Amidst trickling of funding, falling stocks, and cooling investor interest, the purse strings of several startups and companies have tightened. And with business models lacking resilience, they have resorted to laying off employees, to get to elusive profitability. Byju’s has been one of many names to lay off employees in a year that has turned to be harsh for startups and companies, and it is not done – the edtech major intends to lay off 2500 employees, or 5% of its workforce, across multiple departments.
This development comes as Byju’s is aiming to be profitable by the end of the current financial year and meet the goals it has set for itself. According to a spokesperson of the company, the layoffs will not occur immediately – instead, the employees will be laid off over a period of six months. Byju’s justified the layoffs by saying that it was done to avoid redundancies and duplication of roles.
“We have designed a path to profitability which we plan to achieve by March 2023. We have built significant brand awareness throughout India and there is scope to optimise marketing budget and prioritise the spends in a way that it creates a global footprint. Second is operational cost and the third is integration of multiple business units,” said Divya Gokulnath, co-founder of Byju’s. She added that the company will begin focusing on growing brand recognition internationally through new collaborations.

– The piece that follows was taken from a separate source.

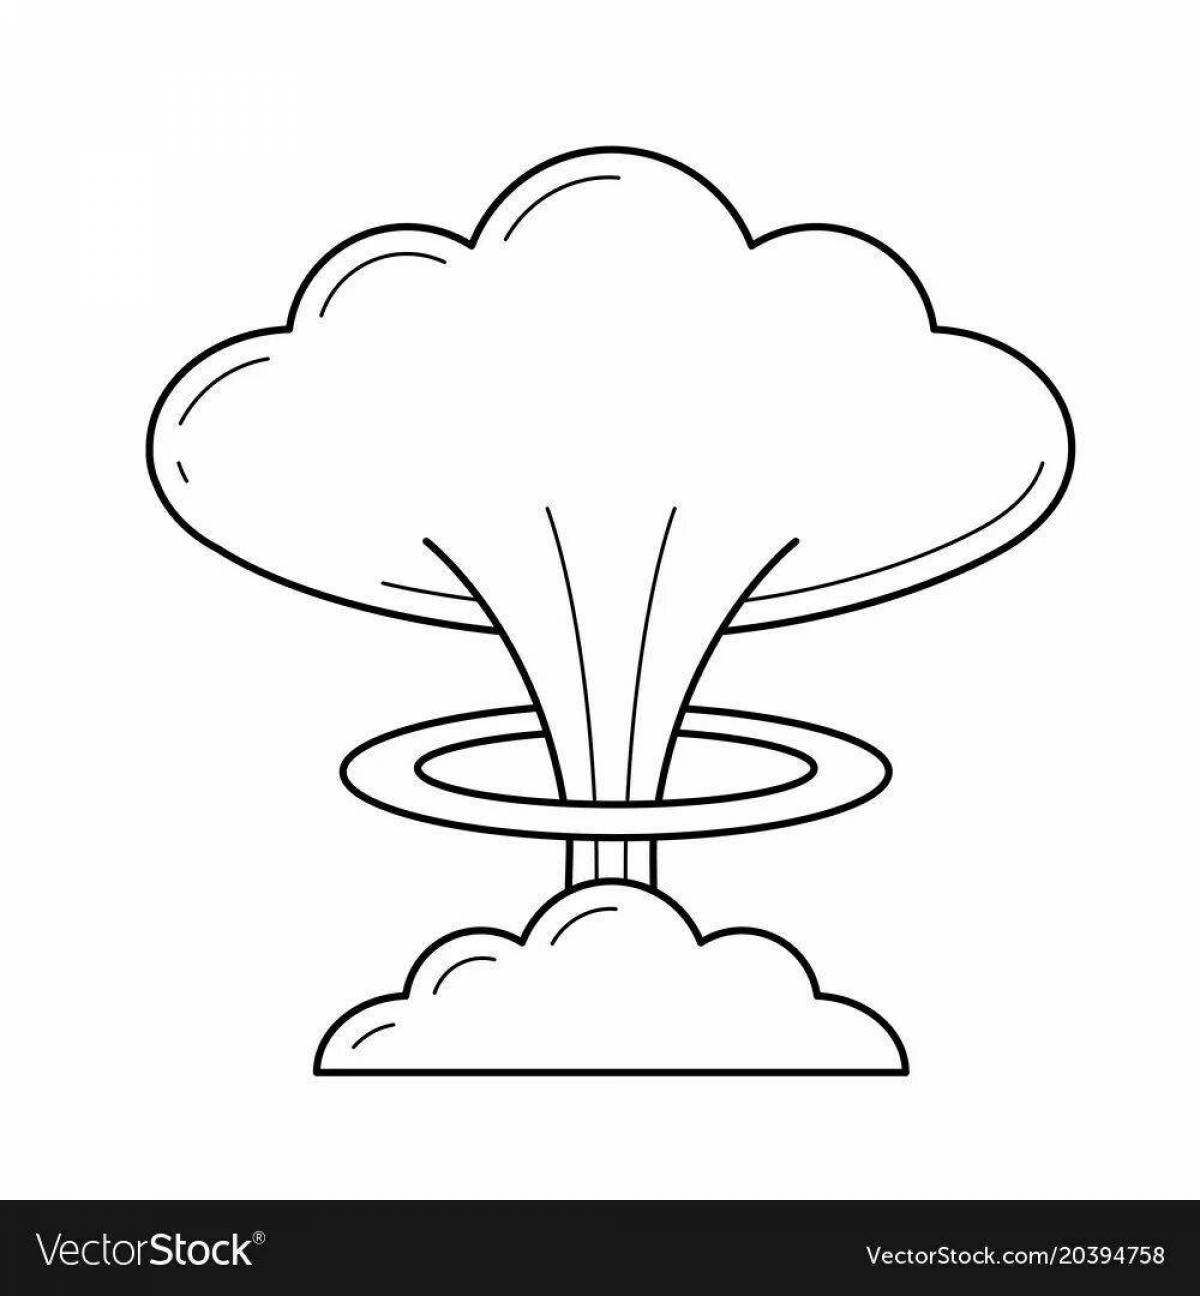 Atomic bomb #9

“As a mature organisation that takes its responsibility towards investors and stakeholders seriously, we aim to ensure sustainable growth alongside strong revenue growth,” Mrinal Mohit, CEO of Byju’s India business, said in a statement. “These measures will help us achieve profitability in the defined time frame of March 2023.”
Once valued at $22 billion, the edtech major had rapidly risen through the ranks during a pandemic-fuelled shift to online education to become the highest-valued edtech player in the country. However, recently unveiled financials and audited reports for the fiscal year 2021 highlighted that the edtech giant had missed its own projections and clocked an annual drop in revenue, while its net loss for the year widened by nearly 20 times.
It also laid off numerous employees in June as the economic downturn in the market continued, and now, more layoffs, slashing of marketing budgets, and reinvention of its sales model to focus more on inside sales, are on the cards. However, not all news is grim, and Byju’s intends to hire 10,000 new teachers for its businesses both in India and abroad.
While half of the recruitments will take place in India over the next six months, Byju’s will hire mainly in the English and Spanish-speaking market, Gokulnath said. “Teachers will be from the US and India. We are also looking at expanding to Latin America,” she added. Byju’s is also projecting to clock ₹15,000 crores in revenue in FY23 along with better margins.
Additionally, Meritnation, TutorVista, Scholar, and HashLearn (its K10 subsidiaries) will now be consolidated under one umbrella, and Aakash and Great Learning will continue to function as separate organisations.